Technical Specifications
Each Sohu chip comes equipped with 144 GB of HBM3E memory, enabling it to handle models with up to 100 trillion parameters. Early benchmarks indicate that a single Sohu chip can outperform both NVIDIA’s 8xH100 and 8xB200 configurations when running LLaMA 70B, while operating at lower cost and power consumption.
Real-World Applications
The architecture’s capabilities extend beyond raw performance metrics. Sohu enables:
- Near-instantaneous voice processing, handling thousands of words in milliseconds
- Enhanced code completion leveraging tree search capabilities
- Parallel processing of hundreds of model responses
- Scalable real-time content generation
Infrastructure Integration
Perhaps most notably, Sohu comes with a fully open-source software stack, potentially lowering the barrier to entry for organizations looking to deploy advanced AI systems. Think of Sohu as a dedicated expressway for AI traffic, compared to the general-purpose roads that GPUs provide.

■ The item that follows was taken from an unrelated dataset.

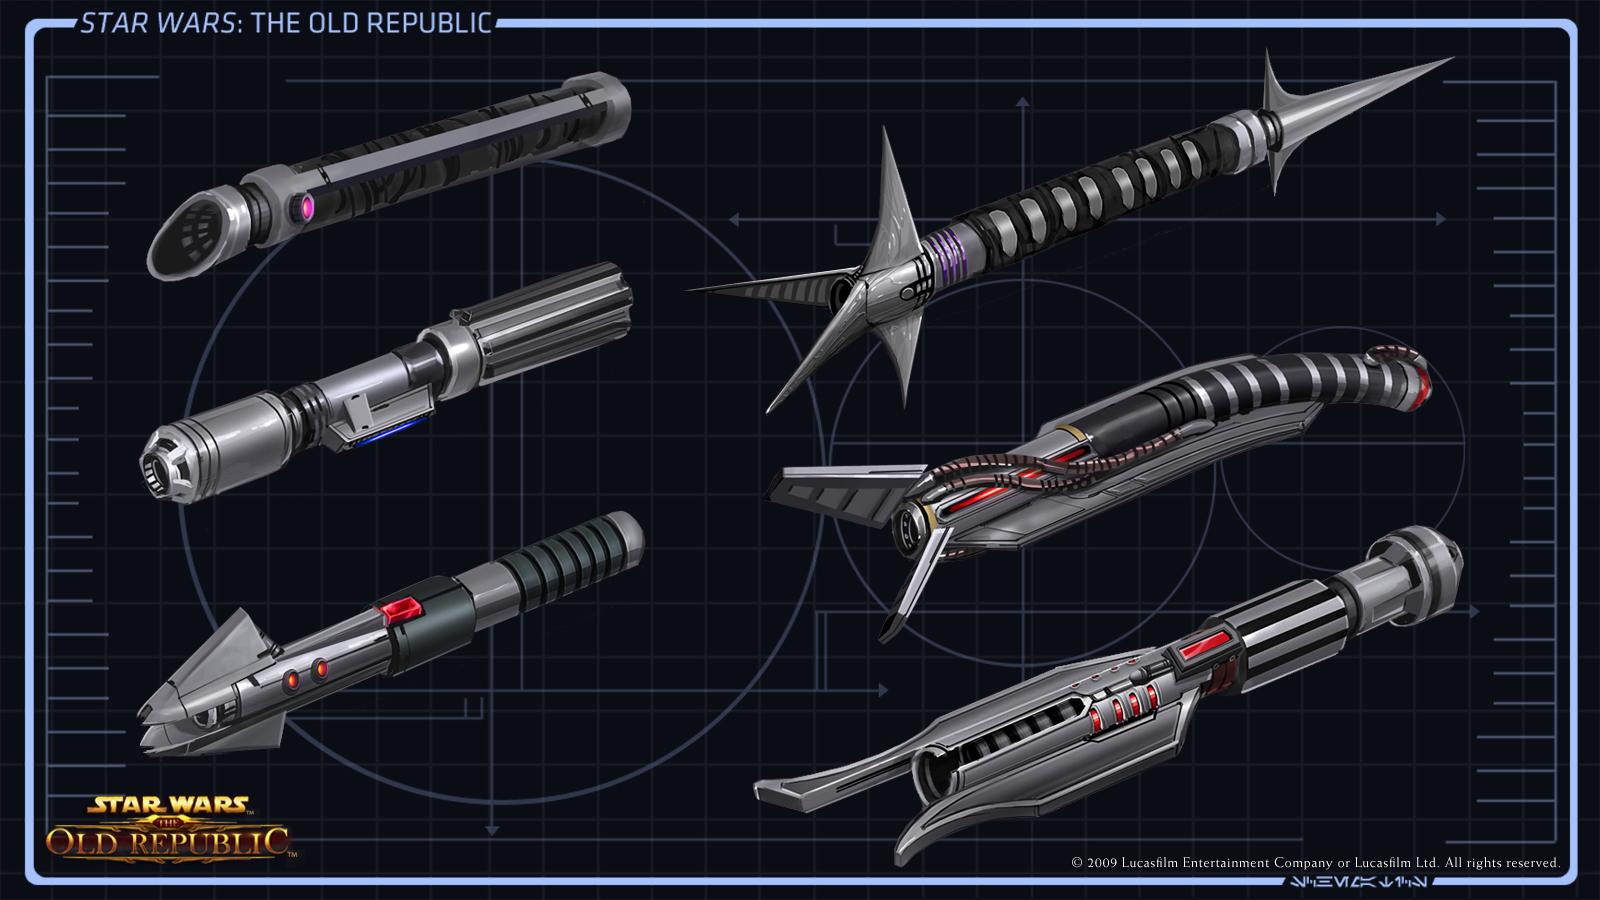 Image Ca3 1600x900 Jpg Star Wars The Old Republic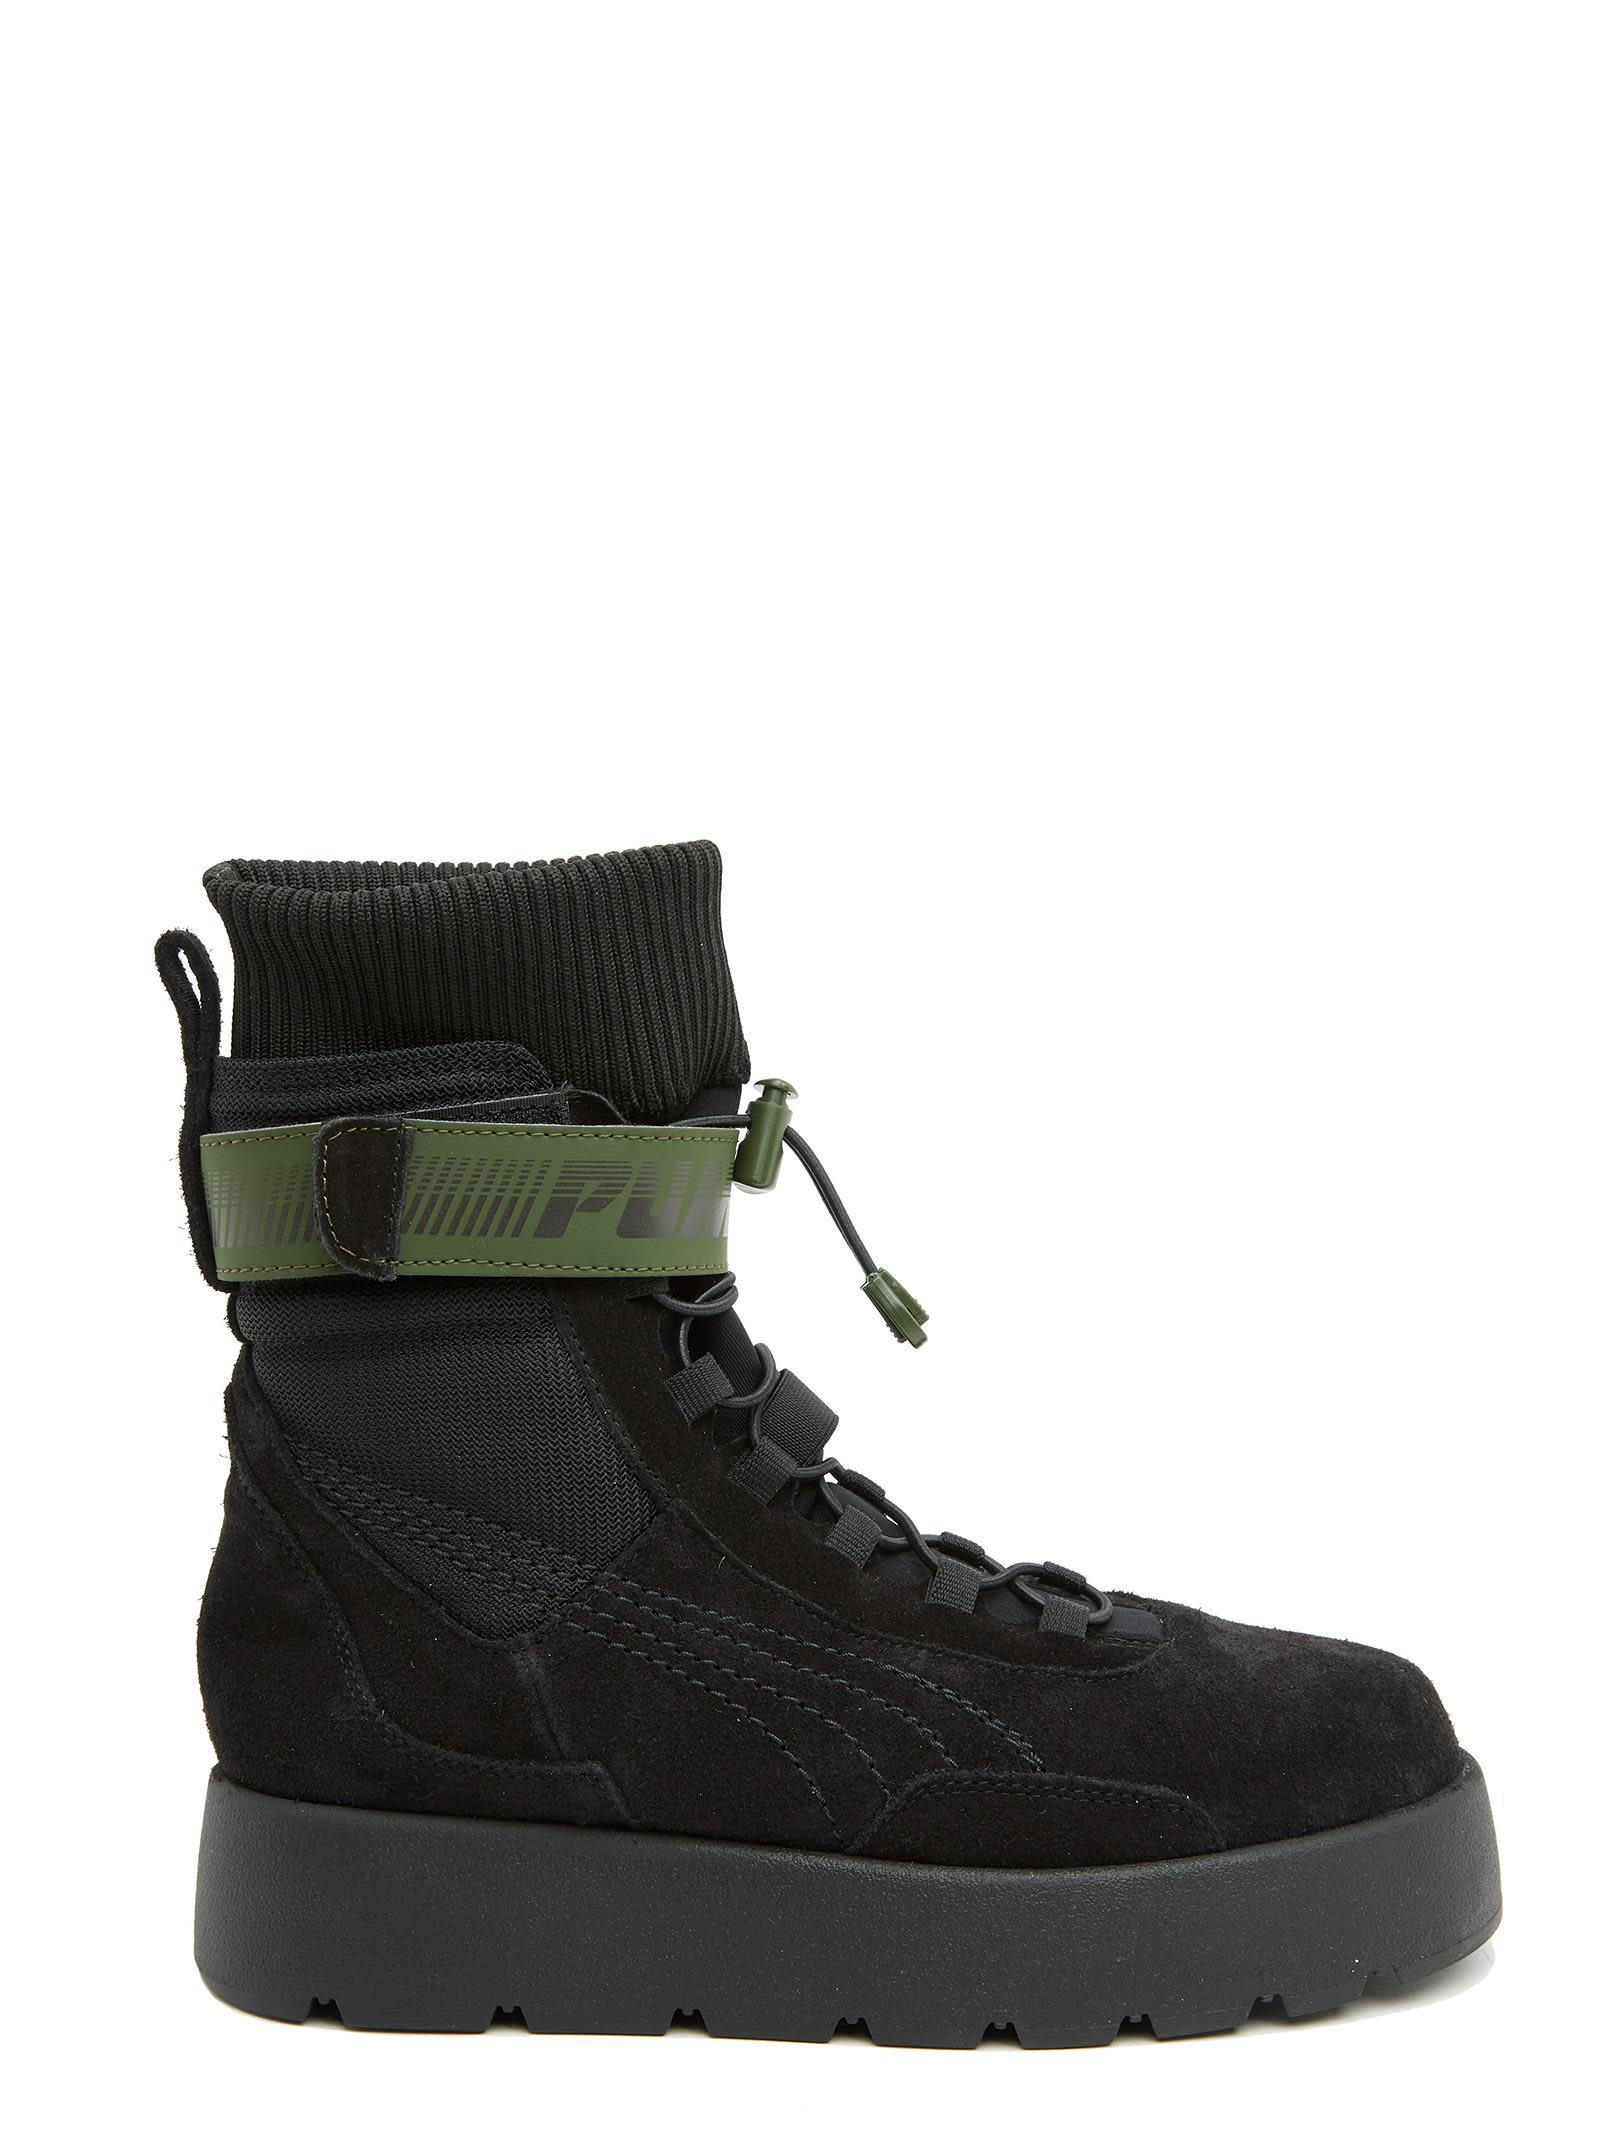 brand new 41bf9 1fe7d Fenty Puma By Rihanna Scuba Shoes in Black

Performance and Efficiency
Initial testing suggests Sohu processes AI models approximately ten times faster and more cost-effectively than current GPU solutions. This efficiency gain comes from the purpose-built nature of the architecture – by designing specifically for transformer networks, Sohu eliminates the overhead associated with general-purpose computing hardware.
Future Implications
While these advancements are promising, they should be viewed within the broader context of AI hardware evolution. Sohu represents a specialized tool in the AI computing toolkit, potentially complementing rather than replacing existing GPU infrastructure for certain applications.
The development of Sohu highlights an important trend in AI hardware: the move toward application-specific integrated circuits (ASICs) designed explicitly for AI workloads. As organizations continue to scale their AI operations, such specialized hardware solutions may become increasingly important for maintaining efficiency and controlling costs.